Preferably, any fittings, plugs or other devices connected to the hose 150 are formed from a corrosion resistant material such as plastic or brass. Fittings and plugs may include secondary elements such as clips, bands or other materials necessary to secure the hose 150 to the fitting when subjected to water pressure, particularly in the case where the hose 150 fits over the outside of the fitting. It is preferable to use barbed “outside” fittings because such secondary elements are not required and, since the hose fits inside the fitting, there is little or no restriction in the flow of water through the fitting.

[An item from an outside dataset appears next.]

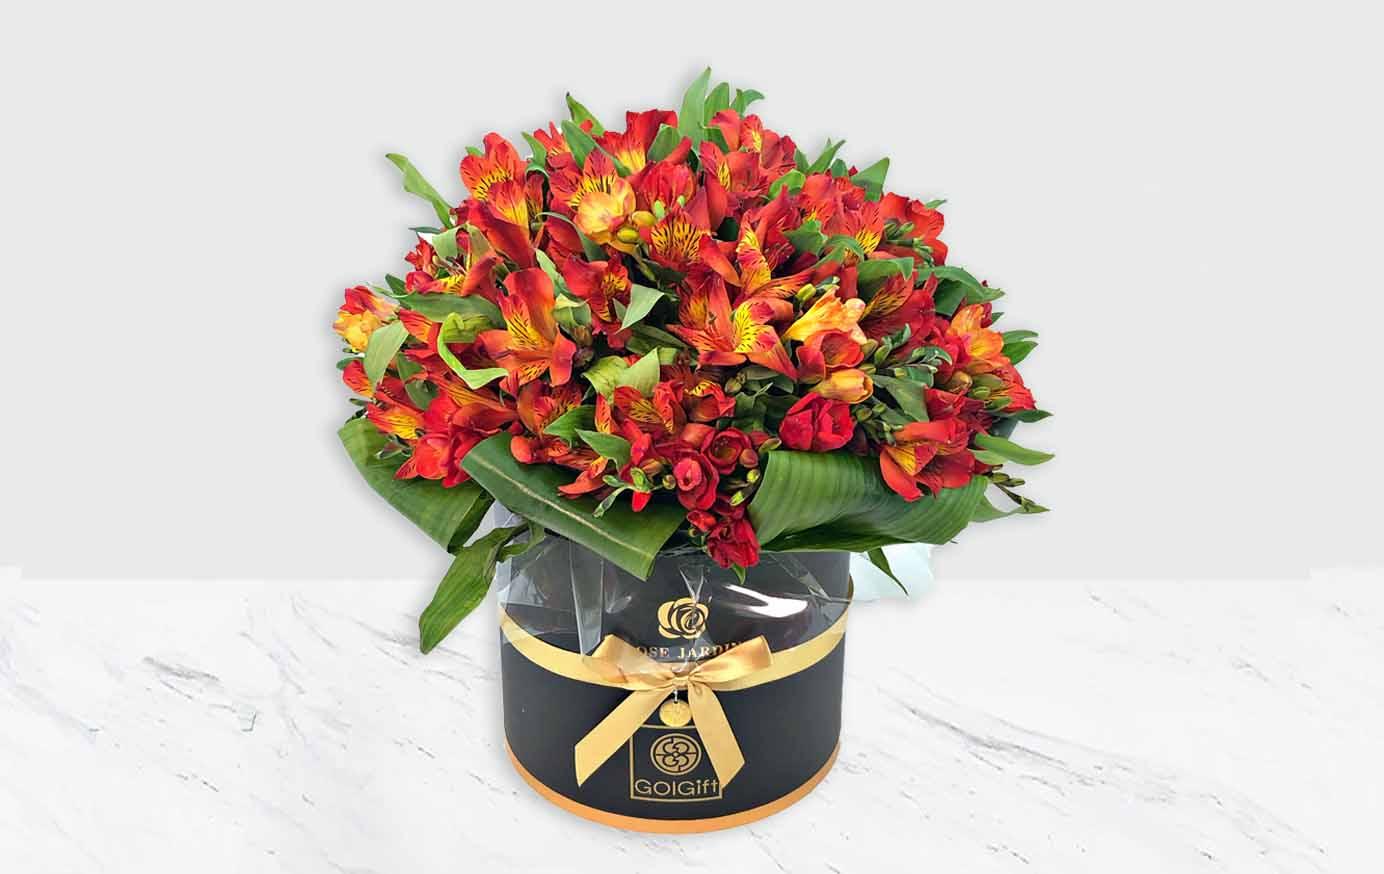 خرید باکس گل آلستر قرمز

This type of fitting is often referred to as “full flow” since the flow path is not restricted by a decrease in internal diameter from that provided by the attached tube or hose.
The porous hose 150 may be one similar to those known in the art as soaker hoses, but should be sufficiently flexible to allow ease of folding of the device 100 for storage. Preferable internal dimensions for the porous hose 150 are from ⅜ to ⅝ inches. Typically, such hoses are formed from ground, recycled rubber and/or virgin natural, synthetic or thermoplastic rubber mixed with polyethylene or other binder plastics. The walls of a suitable porous hose 150 weep or sweat water through labyrinth passages formed during extrusion. Preferably, the selected hose 150 drips water from its outer surface rather than propelling water off the surface in small jets. Steady, low-pressure application of water, distributed to the plants 10 via capillary action through the soil, can thereby maintain a constant moisture level throughout the area covered by the device 100.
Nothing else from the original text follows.